Roughly 90 percent of oil and gas wastewater is managed by injecting it underground. Some states and stakeholders are rightly asking if we can find better uses for this water, particularly in water scarce areas of the country. In New Mexico alone, oil and natural gas production in 2017 generated 37.8 billion gallons of produced water. We are examining what steps would be necessary to treat and renew it for other purposes.
Last spring, we initiated a Study of Oil and Gas Extraction Wastewater Management, and we have been meeting with stakeholders across the water sector to gain additional insight. Just last month, we announced that EPA will lead the development of a national Water Reuse Action Plan. There is innovative work happening across the water sector to advance water reuse, and the EPA wants to accelerate that work through coordinated federal leadership. Our Water Reuse Action Plan is the first initiative of this magnitude that is coordinated across the water sector.
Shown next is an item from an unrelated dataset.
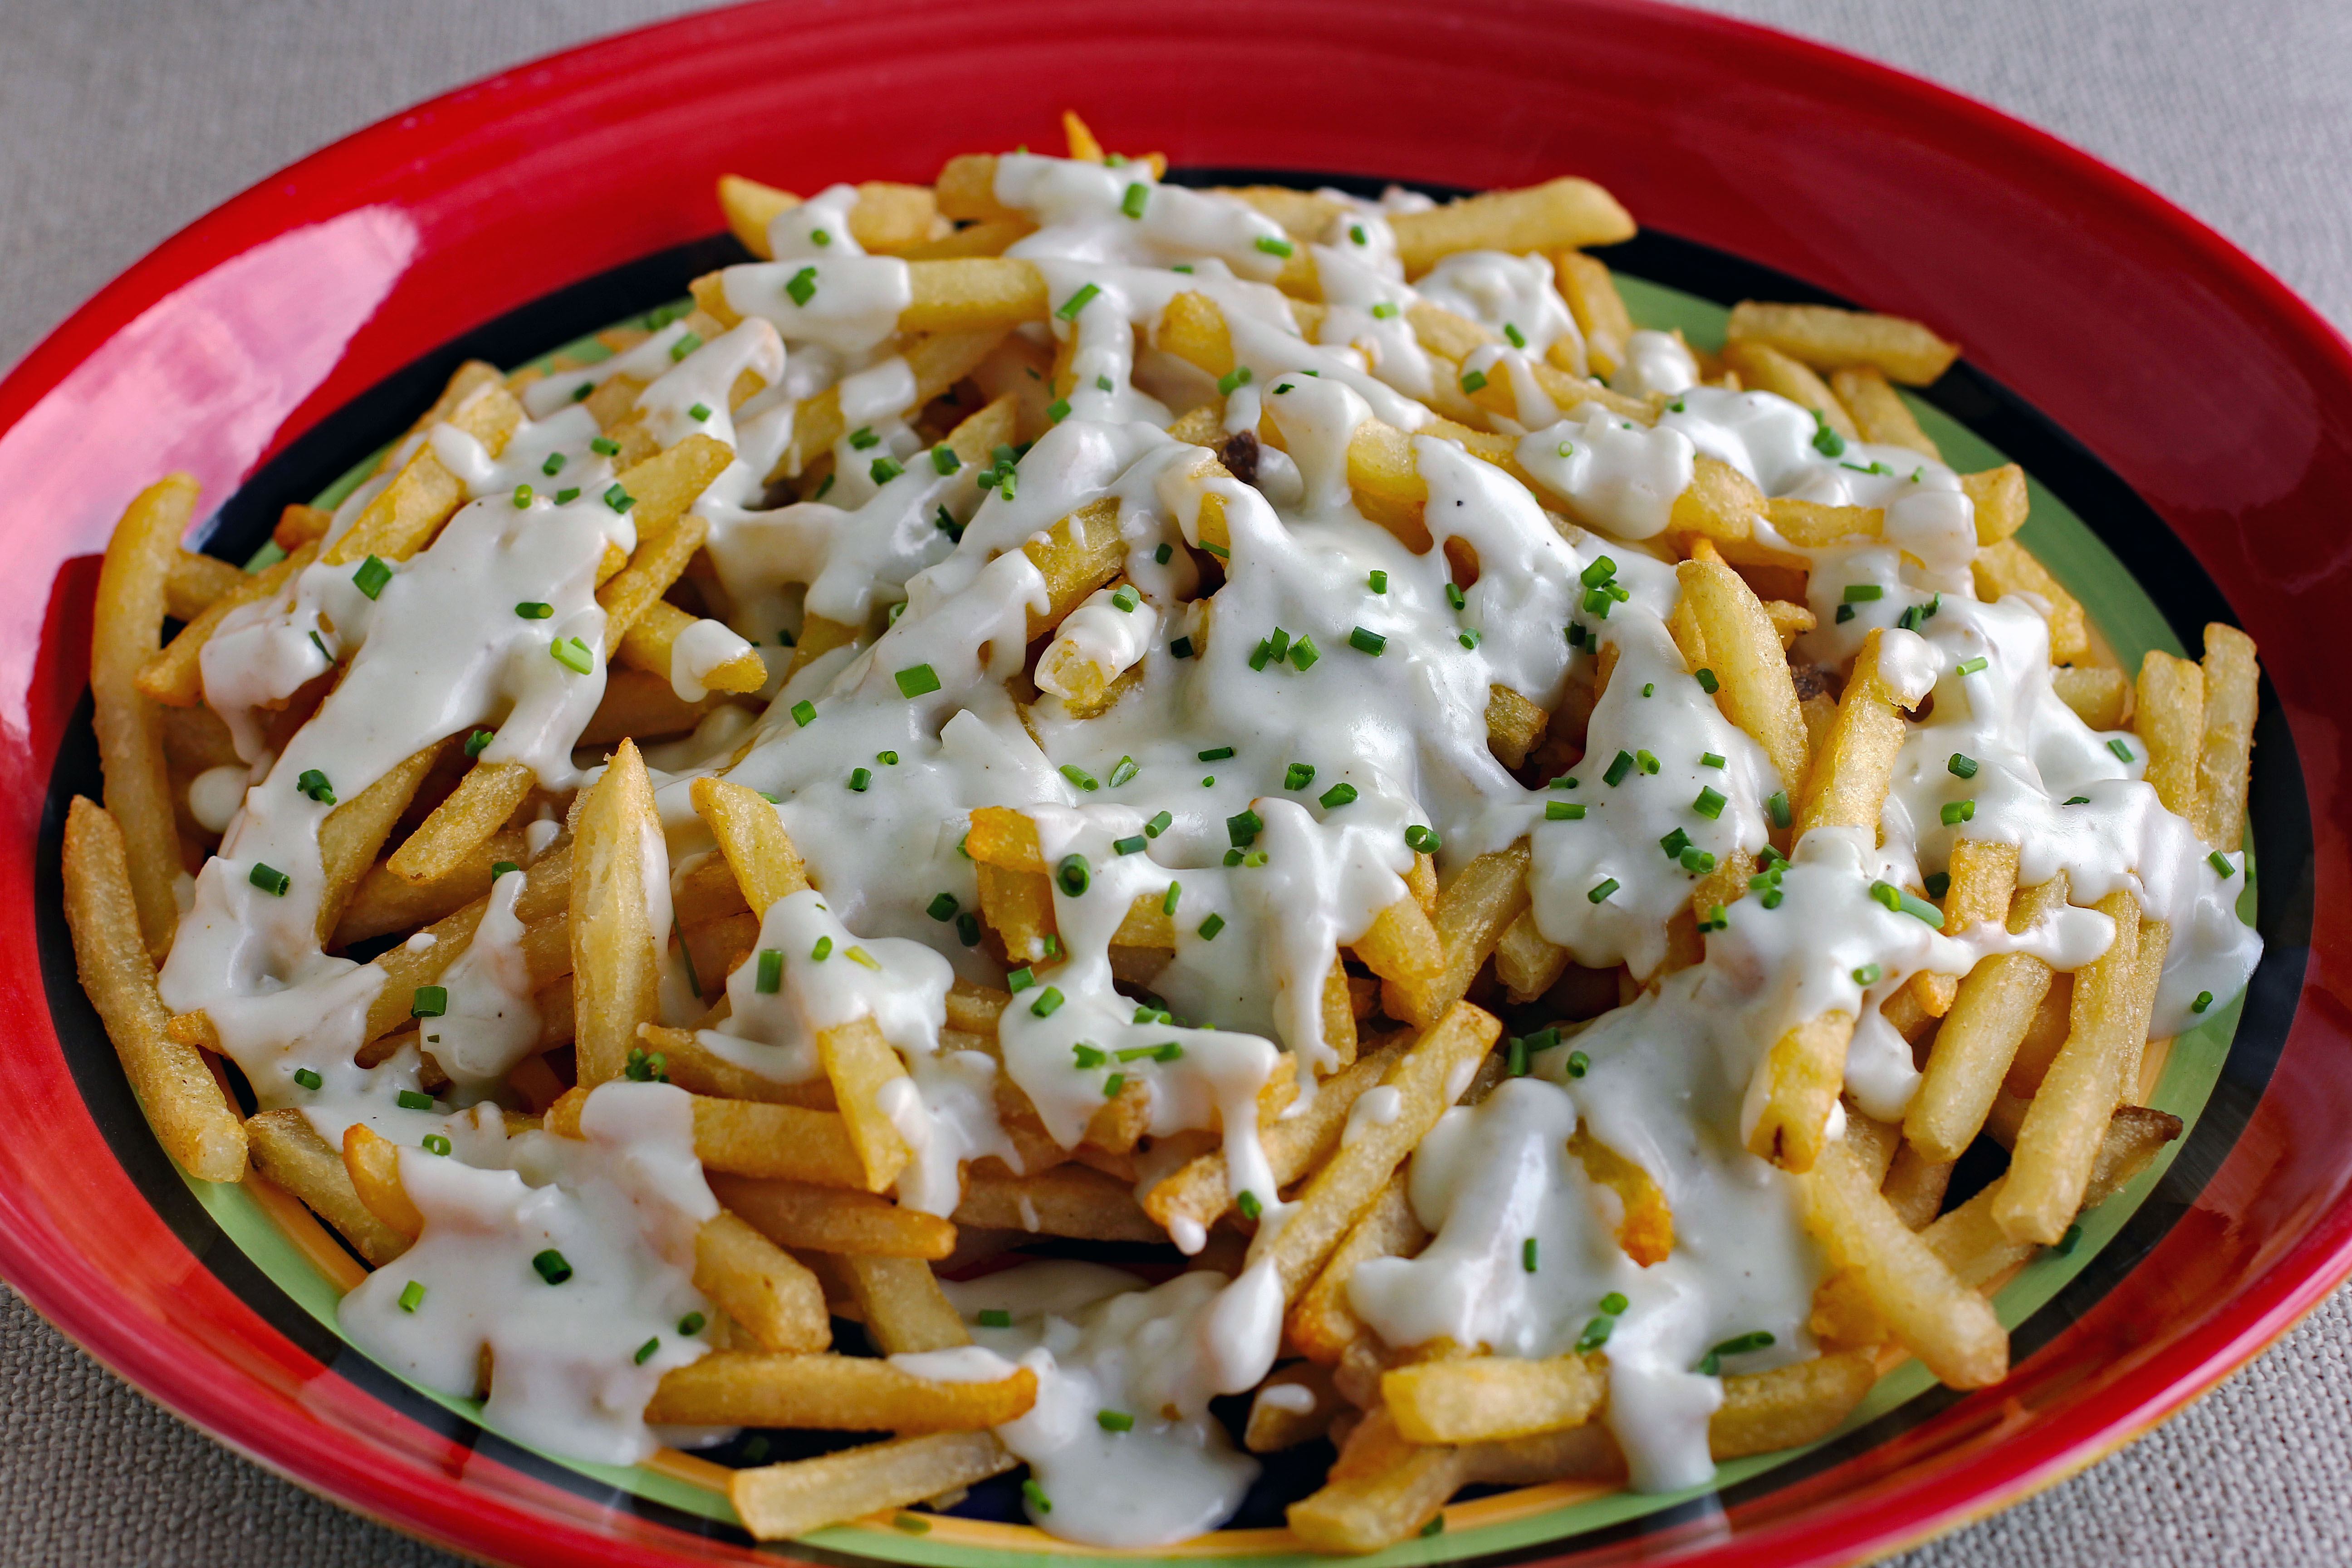 Sawtooth Grill Blue Cheese Fries

On a similar front, we are currently developing new ways to assist states in expanding the beneficial reuse of coal ash. We already issued a proposal to give states more flexibility in managing coal ash, and now we are exploring ways to increase productive reuse. One common reuse for coal ash is as an additive to concrete. What better way to support President Trump’s energy and infrastructure goals than through roads and bridges built from the byproduct of American coal production. So we are working to remove regulatory obstacles while also ensuring environmental protections are in place for such uses.
When it comes to the environment and when it comes to national security, there is no better investment than American energy. That is why President Trump is committed to expanding our capacity to export our energy and technology worldwide. Pipelines that were stymied for years are finally getting built. And the construction of new export terminals is underway as we speak.
At EPA, we are providing the regulatory certainty needed to continue America’s energy dominance while we also continue to improve the environment and public health.
Here is our message to the free world: If you are looking to buy energy on the open market, look to the U.S. If you are looking for energy technology or technical assistance, look to the U.S. If you are looking for reliability, certainty, and security, look to the U.S.
Thanks to President Trump, we are living in the golden age of American energy and environmental protection. We want the rest of the world to share in this progress.
Thank you for your time, and it is a pleasure to be with you today.”